Supplied material:

━━━━━━━━━━━━━━━━━━━━

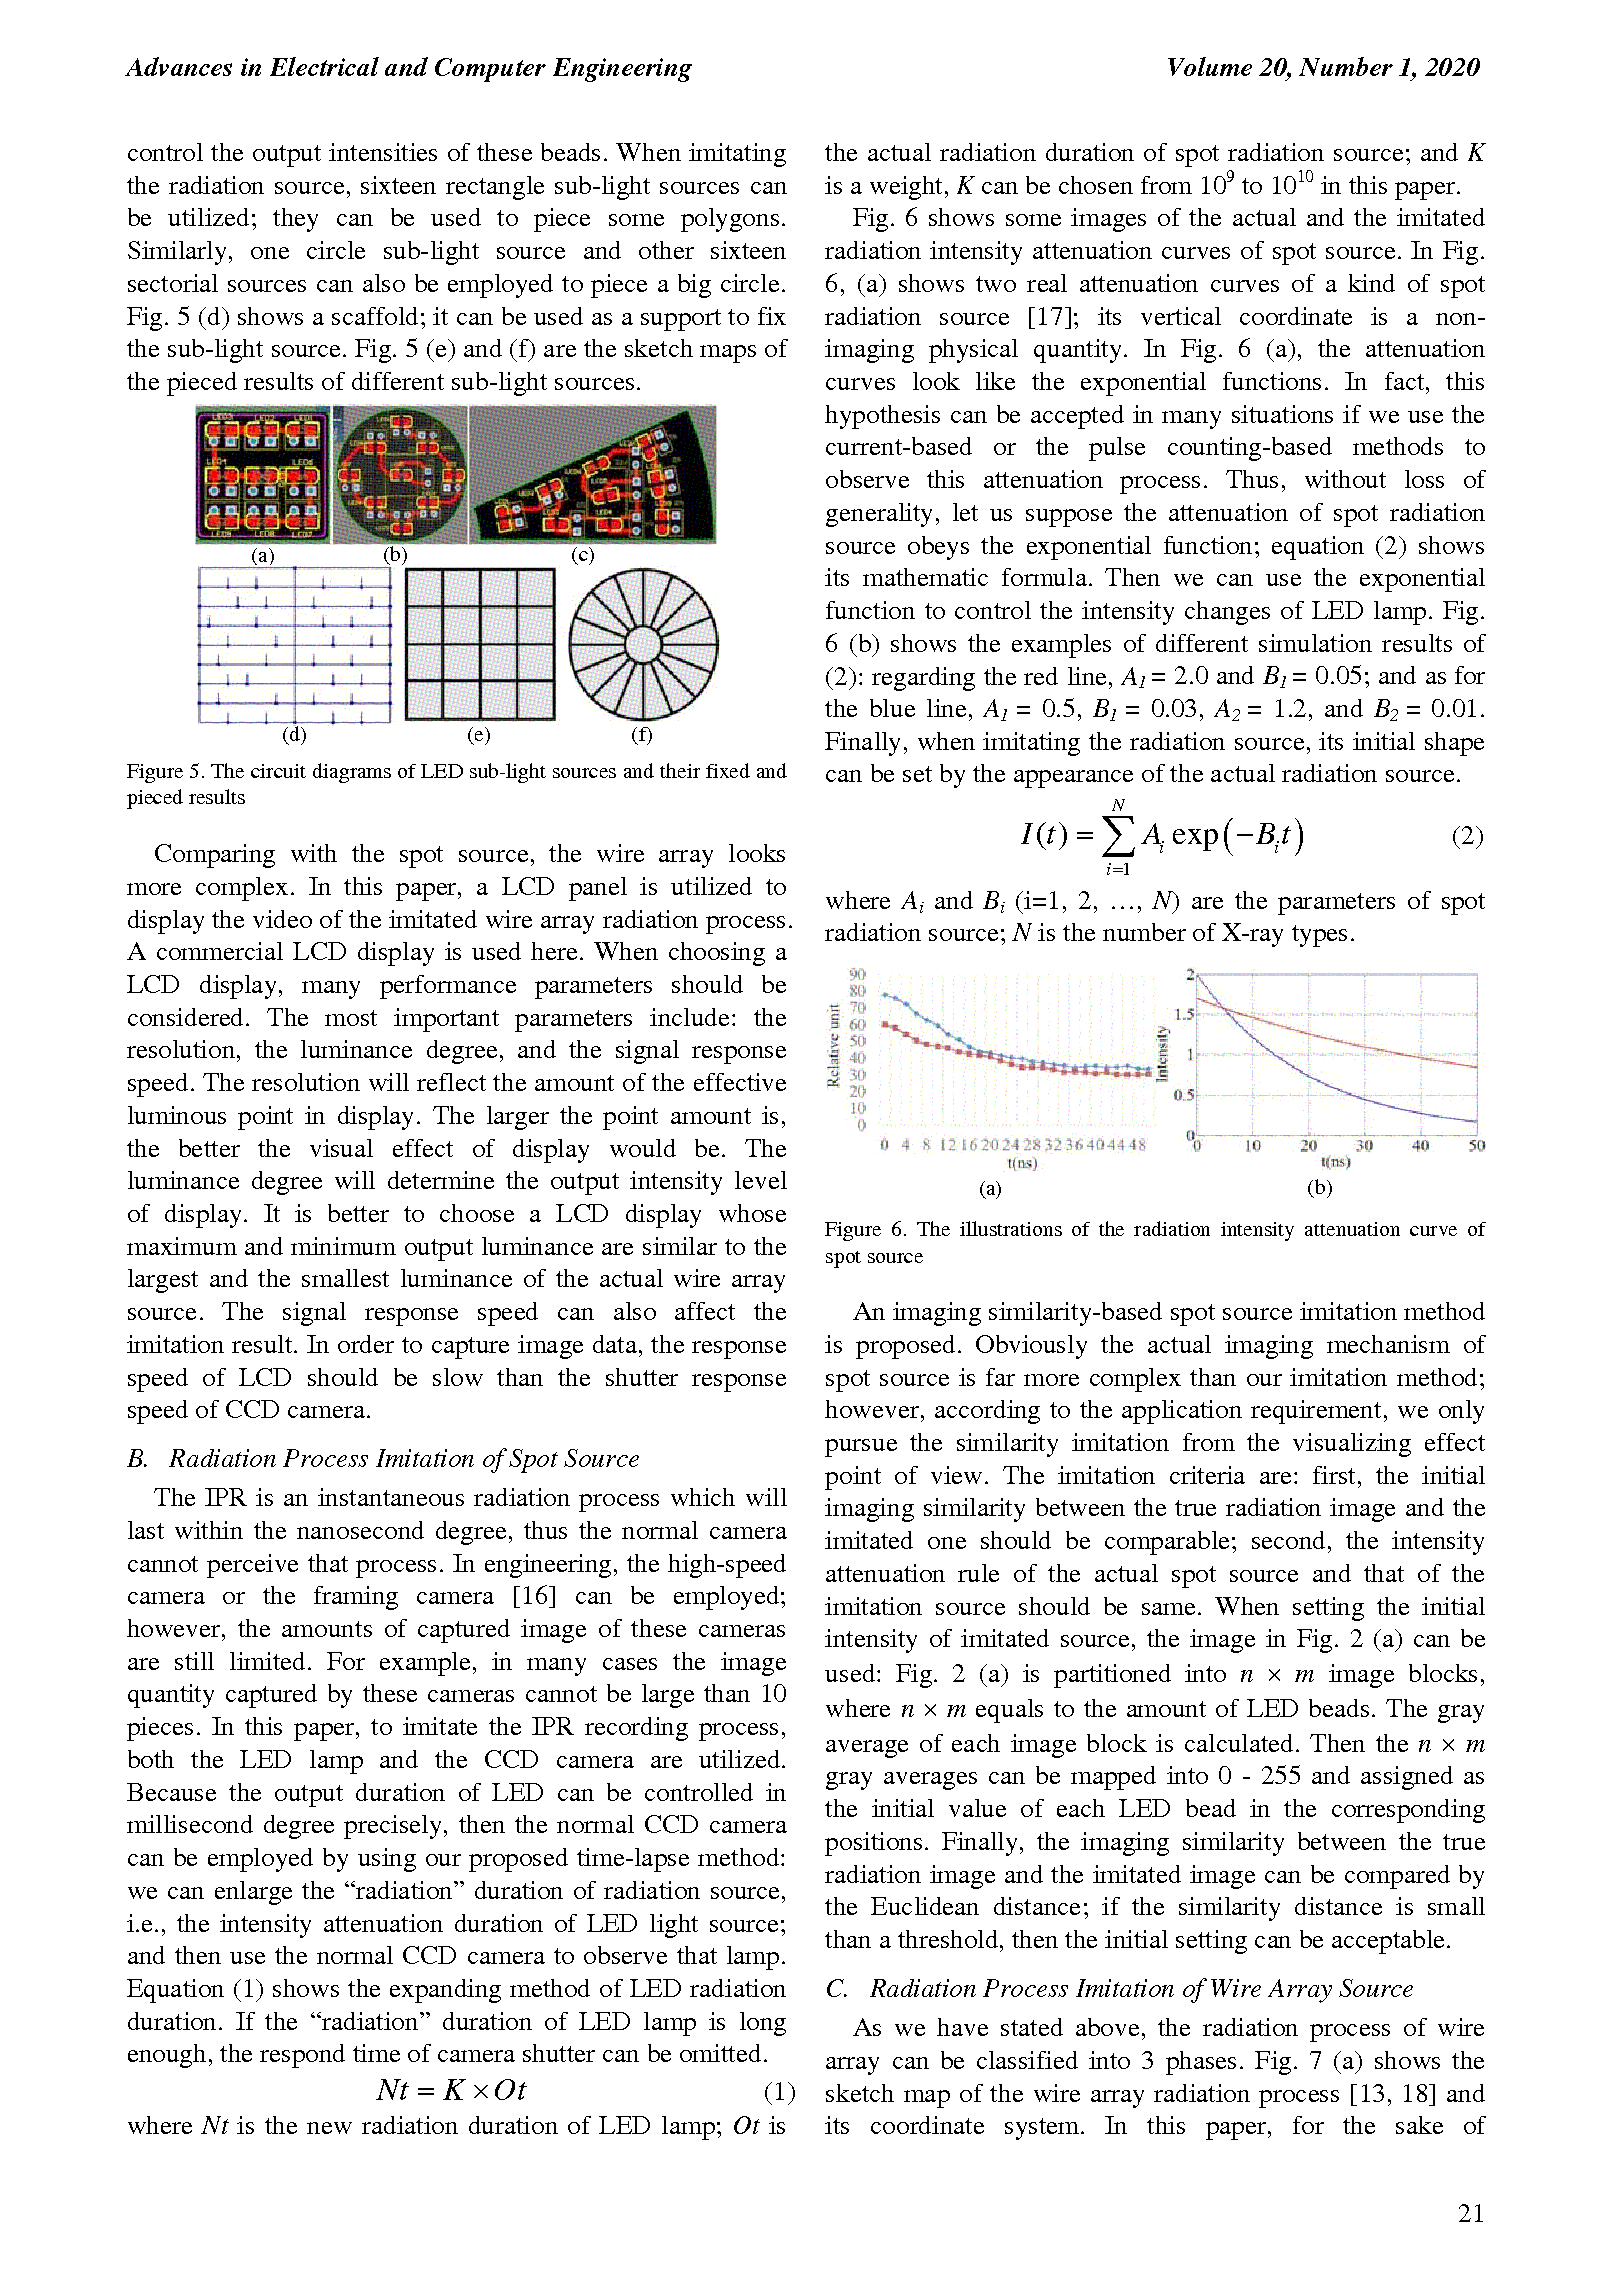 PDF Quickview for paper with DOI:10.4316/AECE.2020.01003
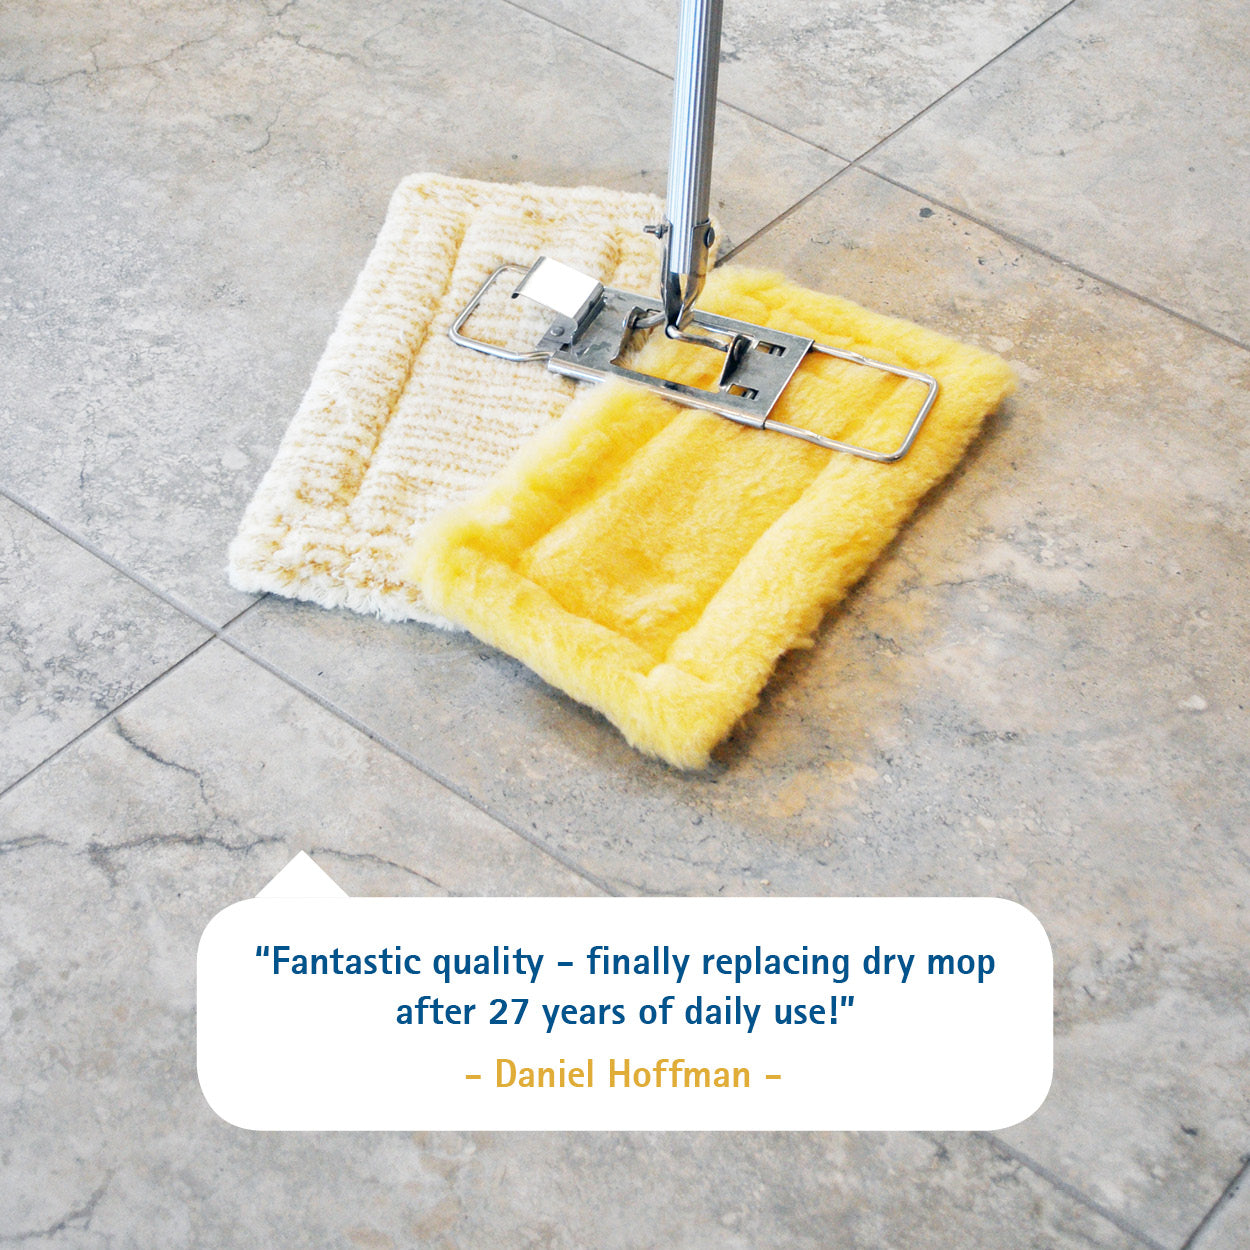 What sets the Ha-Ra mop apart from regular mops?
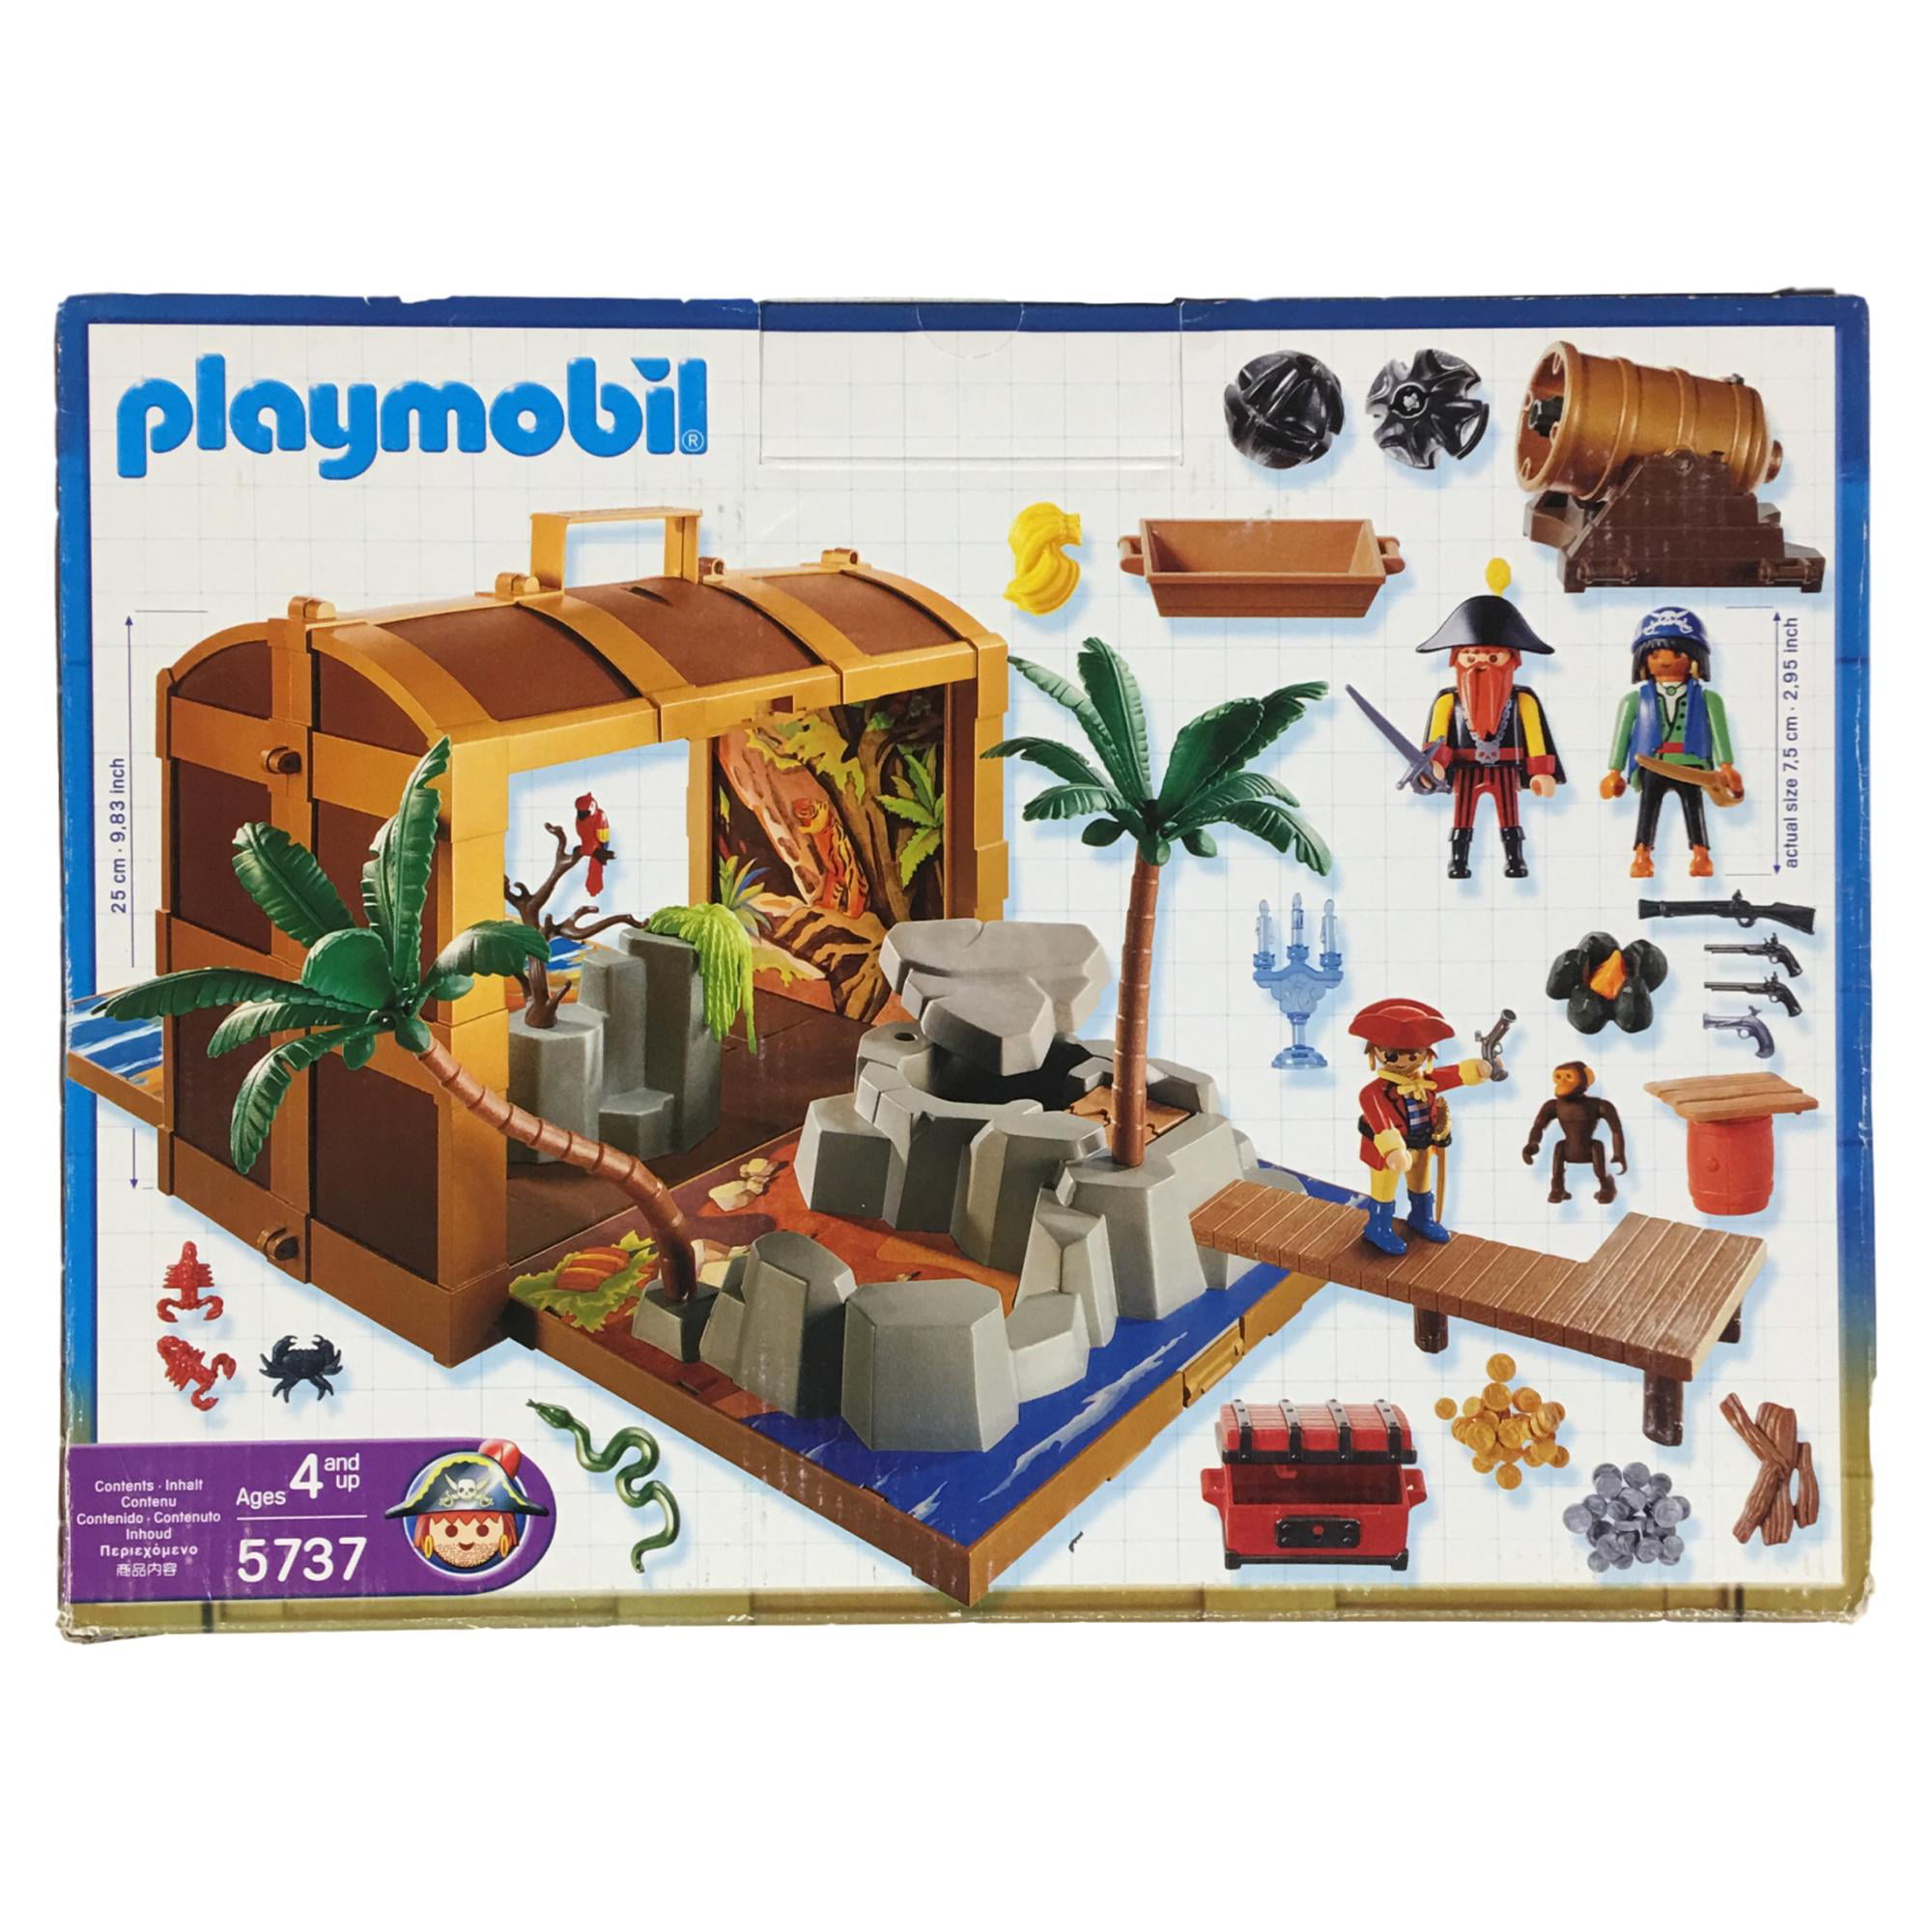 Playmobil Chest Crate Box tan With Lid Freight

━━━━━━━━━━━━━━━━━━━━

Activity:
With all pictures omitted, return the lines from the line containing "What sets the" through the closing line of the listing above, exactly and inclusive.

Response to the task:
 What sets the Ha-Ra mop apart from regular mops?
 Playmobil Chest Crate Box tan With Lid Freight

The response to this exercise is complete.